Find out more about Mahārthamahañjarī Aleksandra Wenta's 'Smell: The Sense Perception of Recognition' in Bäumer, Bettina S & Stainton, Hamsa (eds) Tantrapuṣpāñjali: Studies in Memory of Pandit H.N. Chakravarty (Indira Gandhi National Centre for the Arts/Aryan Books International. 2018) You can find it on archive.org
As to the Tamil Adepts and kalpa, well I am given to understand that there is a type of Tamil medicine known as Kaya Kalpa, and I would interpret the reference to ‘Tamil Adepts’ as the infamous Tamil Siddhas. Siddha medicine is said to be thousands of years old, yet contemporary scholars tend to view the Tamil Siddha medical movement to be a twentieth-century phenomenon (see for example, Rise of Siddha medicine: causes and constructions in the Madras Presidency (1920–1930s. For an in-depth treatment of the subject, check out Richard S. Weiss' Recipies for Immortality: Medicine, Religion, and Community in South India. Oxford University Press 2009. Va and Sa btw, are two of the bijas (seed-syllables) assigned to two of the petals of the muladhara.
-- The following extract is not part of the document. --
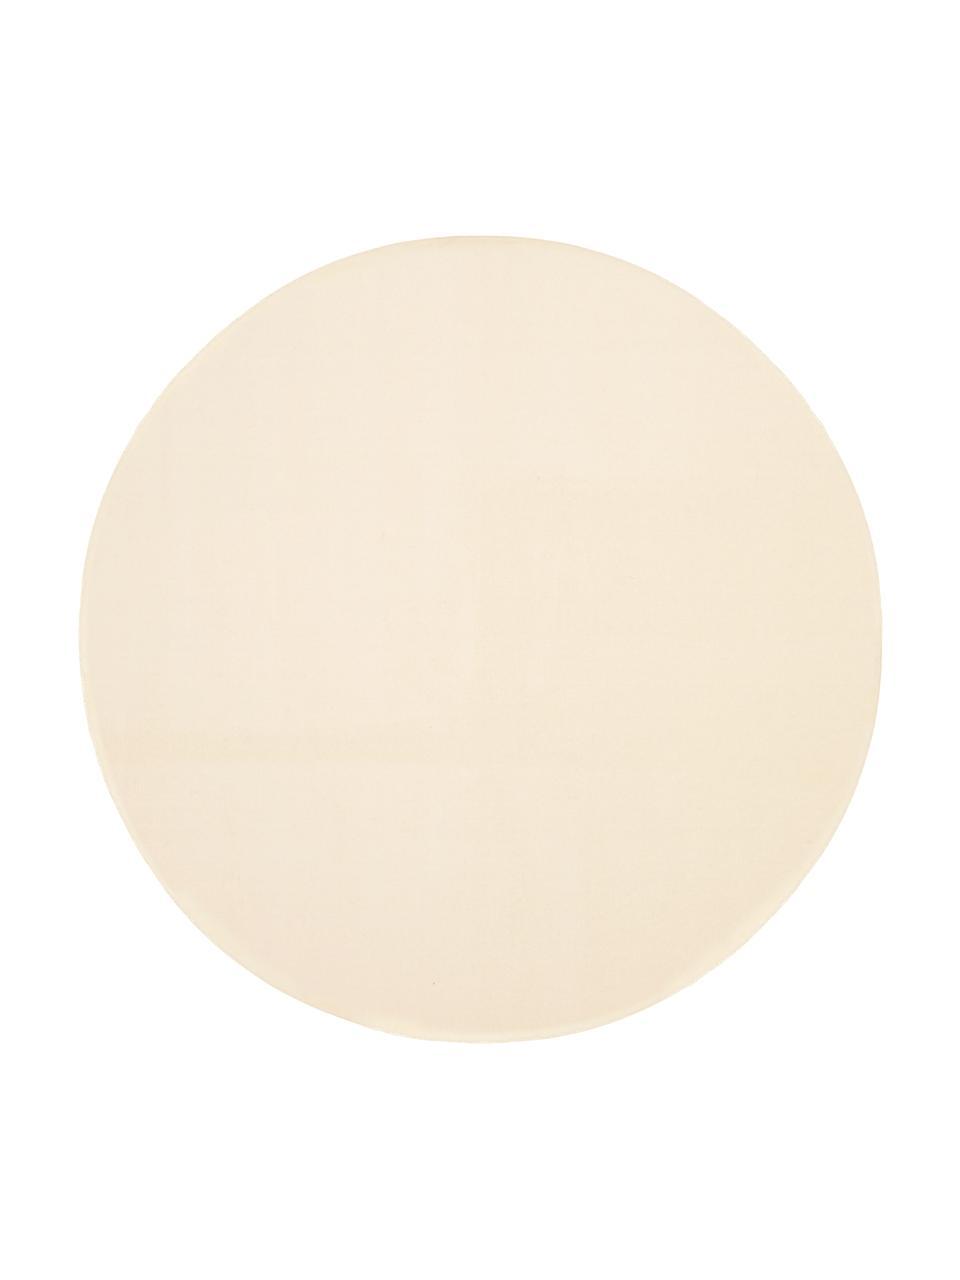 Tappeto rotondo in lana beige Ida, Retro: 60% juta, 40% poliestere , Beige, Ø 200 cm (taglia L)

Next up is a definition of pranayama courtesy of the Sandilya Upanishad (an early - 100 BCE-300CE - text dealing with yoga); pranayama is the uniting of prana and apana. Grant says he isn’t going to go into this in detail. Fair enough. Simple enough though, prāṇa is inhalation, and apāna is exhalation. The Atharvaveda gives one of the earliest mentions of vyāna (retention) and by the time of the early Upaṇisads (800-200 BCE) there were five kinds of bodily winds. The Maitrī Upaṇisad says:
“prāṇa is the wind that passes upward. apāna is the wind that passes downward. Vyāna is the wind that supports prāṇa and apāna. Samāna, a higher form of vyāna, brings the coarse element of food into the apāna and distributes food's subtle essence into the limbs. Udāna is the wind between the vyāna and samāna. It swallows down what is drunk and eaten.”
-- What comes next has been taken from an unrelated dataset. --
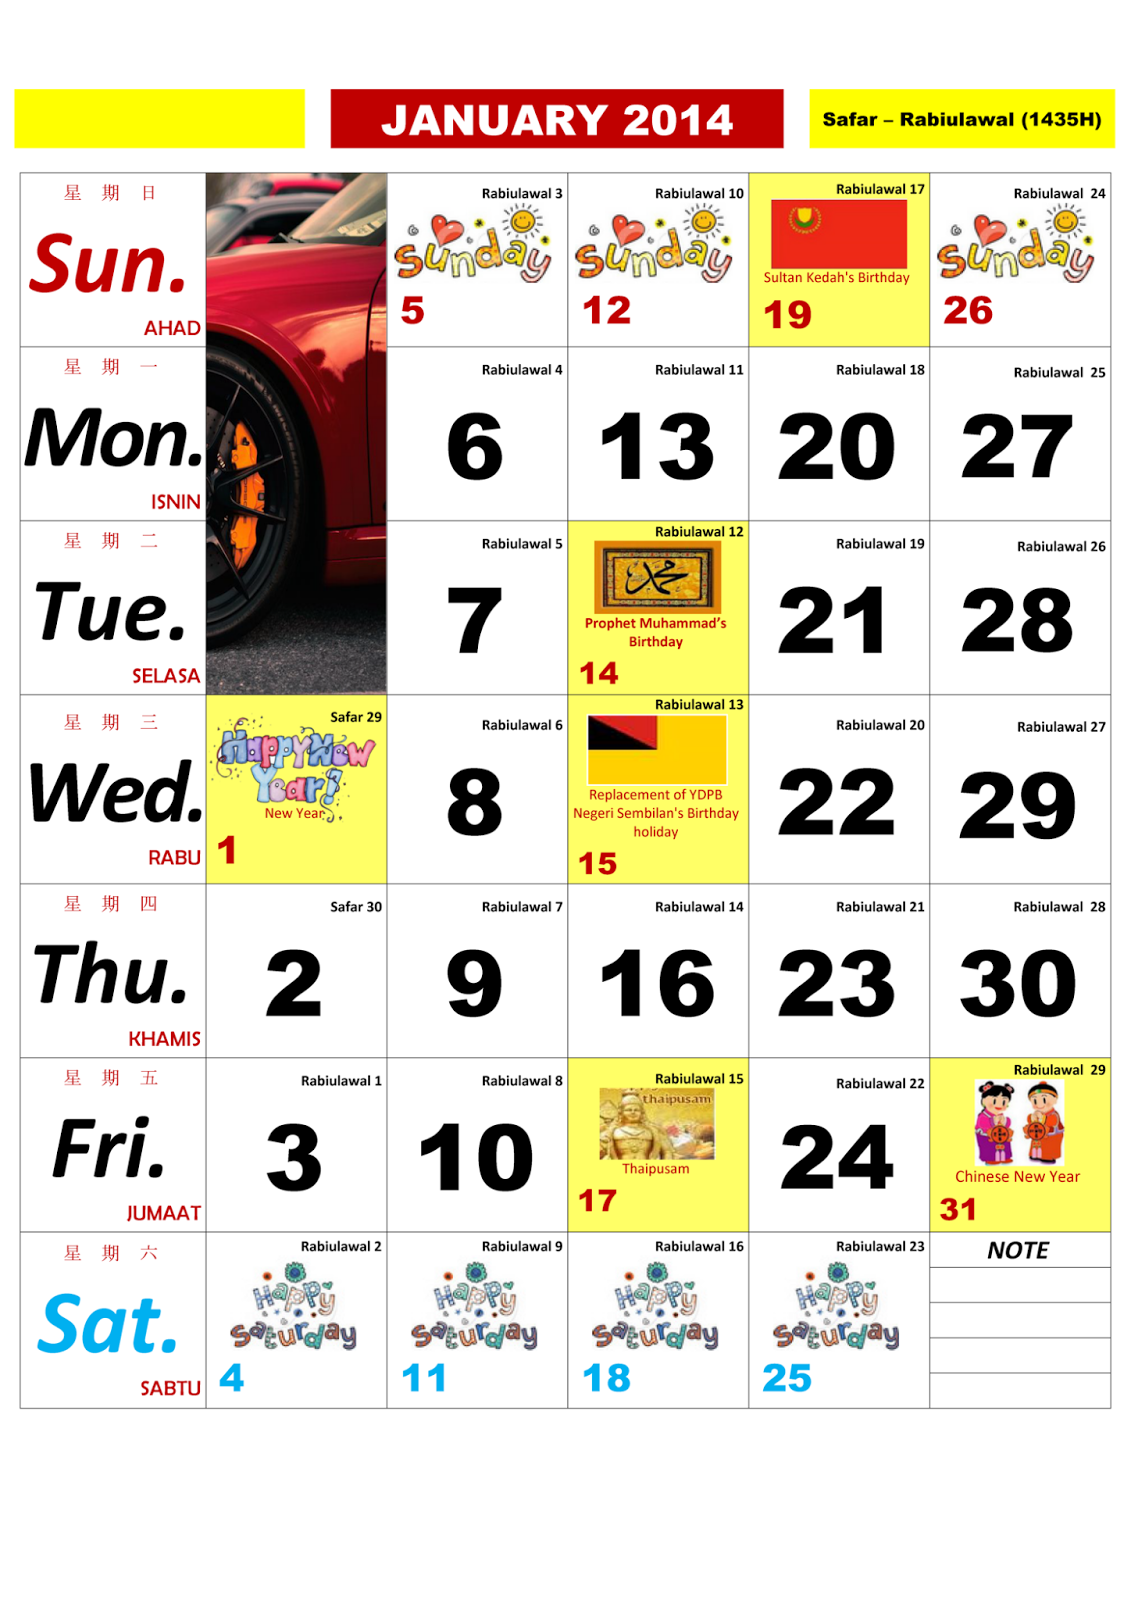 Kalendar+Kuda-2014+eatz+HQ_January.png

Grant next comments that according to the Agastyans, the ‘Great State’ (presumably the raising of the kuṇḍalinī to the crown?) is attained by akunchana without the need of pranayama or other yogic procedures. This seems to imply that akunchana isn’t classed as a yogic procedure. A footnote explains that the Agastyans are those that “adhered to the Kadi, rather than the Hadi vidya.” The glossary tells us that the Hadi vidya refers to the knowledge of the ‘Ha’ group of letters placed on the petals of the Sri Chakra and vibrated in the puja of the Goddess. Ditto the Kadi Vidya, this time for the ’Ka’ group of letters.
Agastya is an ancient legendary sage, first showing up in the Ṛg Veda (c.1200-900 BCE), then popping up in South India a few centuries on. He is said to have either developed or refined the Tamil language, performed miracles, and written several important medical texts. He is also said to be a preceptor of Śrīvidyā.
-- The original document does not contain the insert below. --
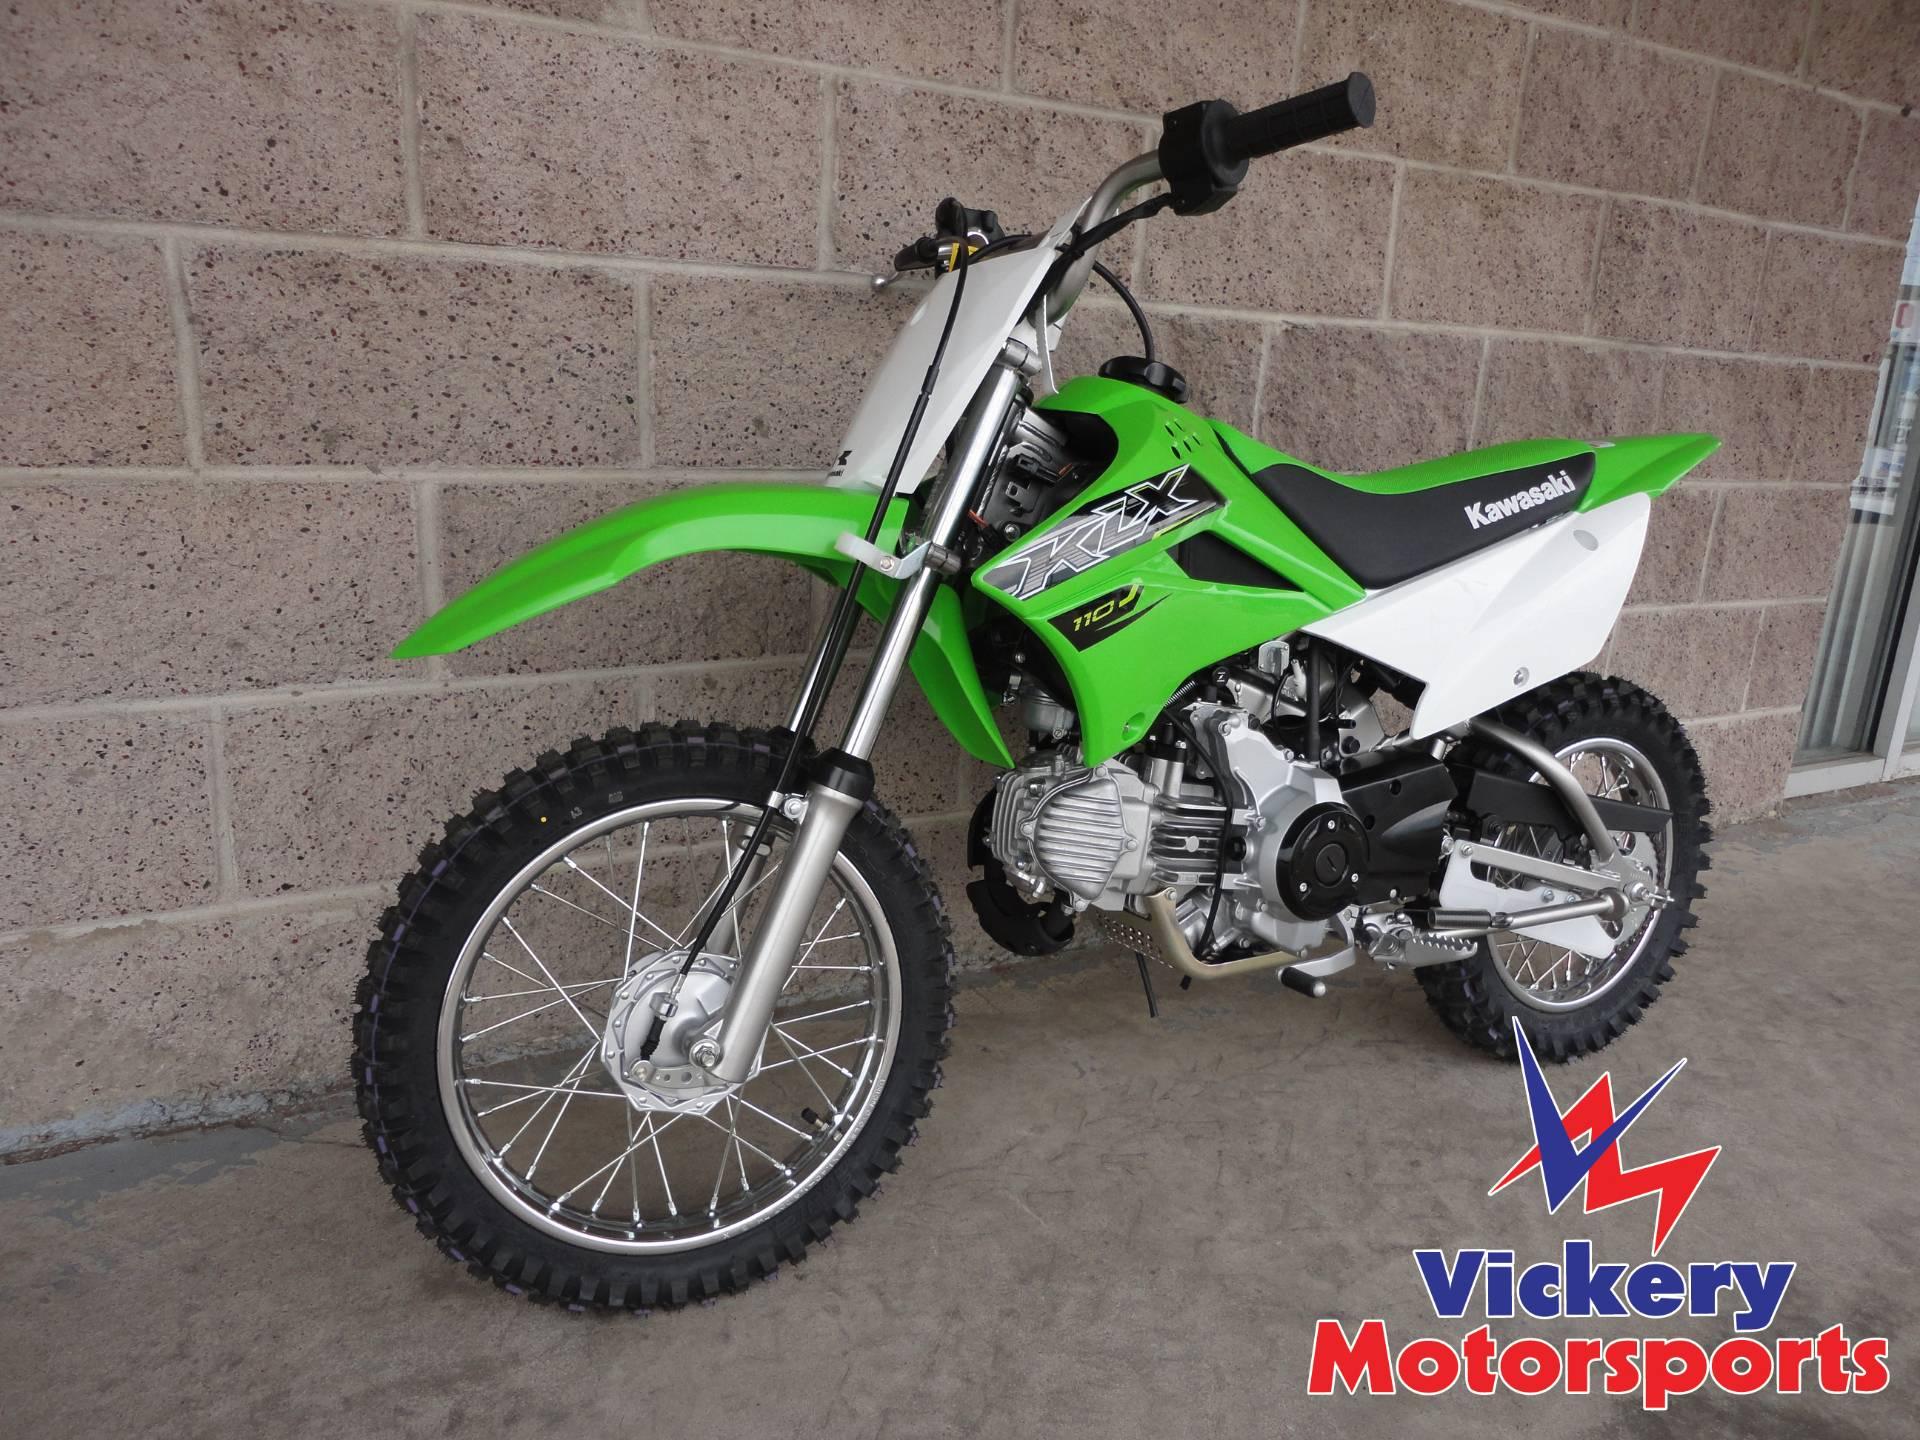 2019 Kawasaki KLX 110 Motorcycles Denver Colorado V8656

As to the Kādi and Hādi Vidyas, yes this is a thing in Śrīvidyā. I’ll try and be as concise as possible. These two Vidyas are both different forms of the fifteen-syllable Śrīvidyā mantra and preceptorial lineages (there are 10 others). The Hādimata form is said to have been revealed by the female sage Lopāmudra (the wife of Agastya), and the Kādimata form, revealed by Śiva in the form of Kāmarāja. According to Douglas Brooks (in his The Secret of the Three Cities), the Hādimata form is associated with Kashmiri Śrīvidyā and the Kādimata is dominant in contemporary South Indian practitioner communities. See Reading the Saundarya Lahari – XVIII for some observations of the Kādimata, as revealed in v.32-33 of Saundaryalaharī.